In October 2025, Boden triggered backlash after it launched a campaign featuring models posing as fisherman holding dead salmon. Critics called the fashion shoot “irresponsible” at a time when salmon stocks in Britain’s rivers are at an all-time low.

== Products ==
Johnnie Boden has described Boden customers as being “interested in fashion” without being obsessed with it. The brand is known for its bold colour and attention to detail. Products often feature spots, stripes, printed fabrics and checks. As an entrepreneur Johnnie Boden has championed British creativity. These efforts were recognised with the award of a CBE for services to fashion and the retail sector in the New Year Honours List, announced on 30 December 2022.

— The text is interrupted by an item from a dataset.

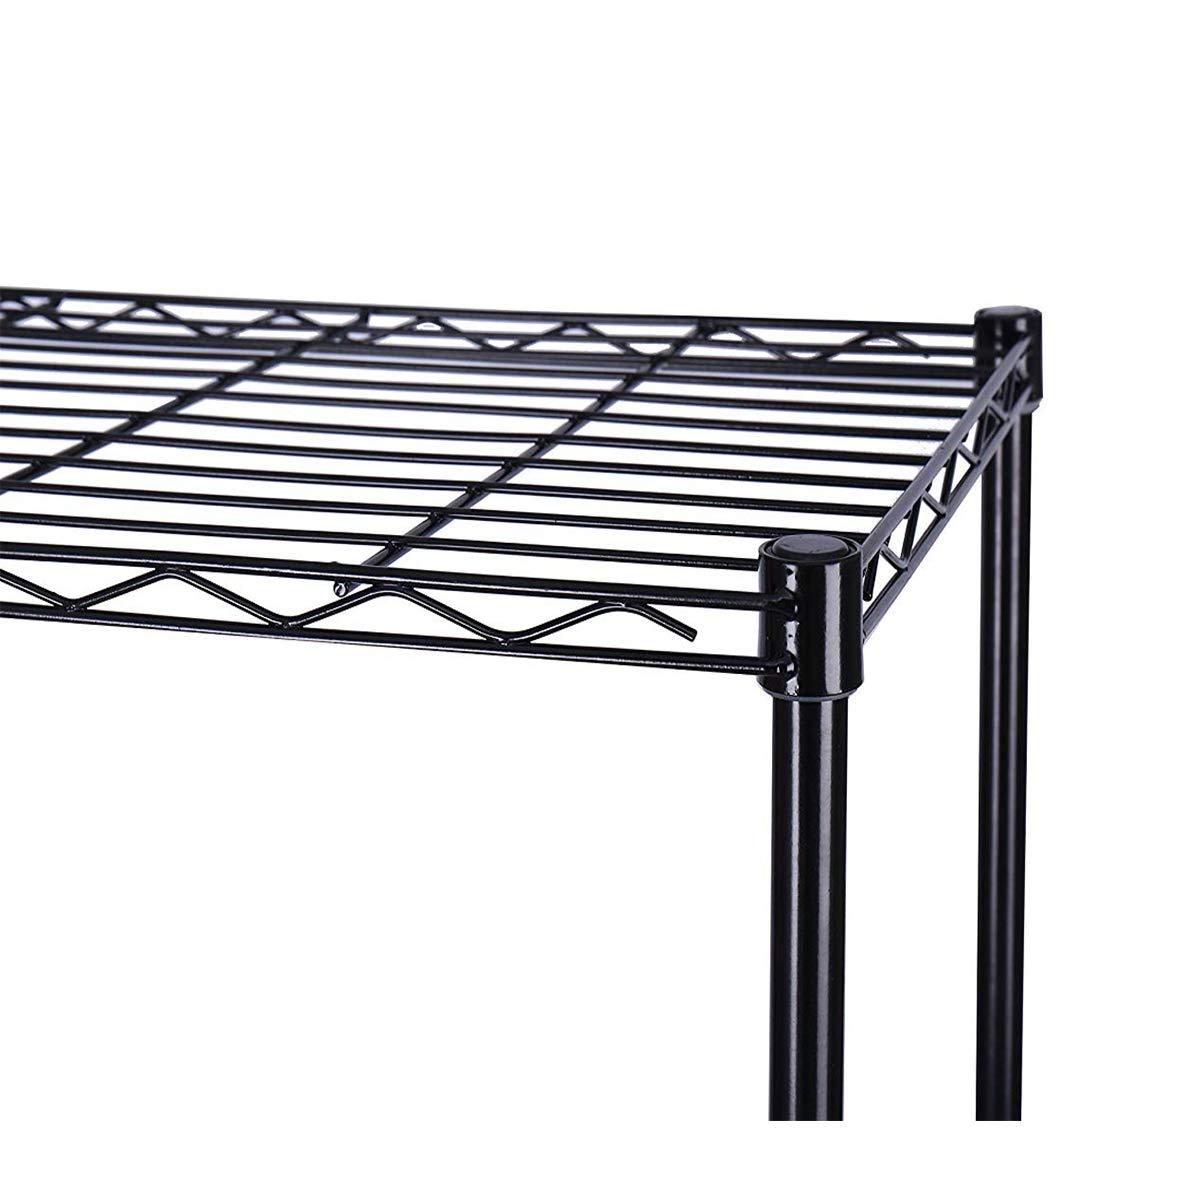 GSYX 4-Shelf Shelving Unit, Industrial Storage Bookshelf Rack, Metal 4-Tiers Bookcase Home Office Shelf Storage Rack -Small Space Solution (Black, 4-Shelf-Big)

== Impact on the planet ==
Boden reported in 2022 that the business had become carbon neutral for Scope 1 and 2. In packaging the business reported that it was using 100% recycled cardboard boxes,100% recycled clothing bags and dispatch bags with 80% recycled content (and 100% recyclable). In 2022 the business also reported the following developments in fabric sourcing: 100% of its Cashmere fabric was Good Cashmere certified; all outer fabric on its swimwear was made using 100% recycled nylon or recycled polyester; and recycled cotton made up 20% of the composition of its women’s denim. Boden’s Sustainability Report of 2023 reported further developments in fabric sourcing. All of Boden’s 100% linen fabric was made with 20% recycled linen content and all Mini Boden polyester outerwear style outers and linings were made from recycled polyester.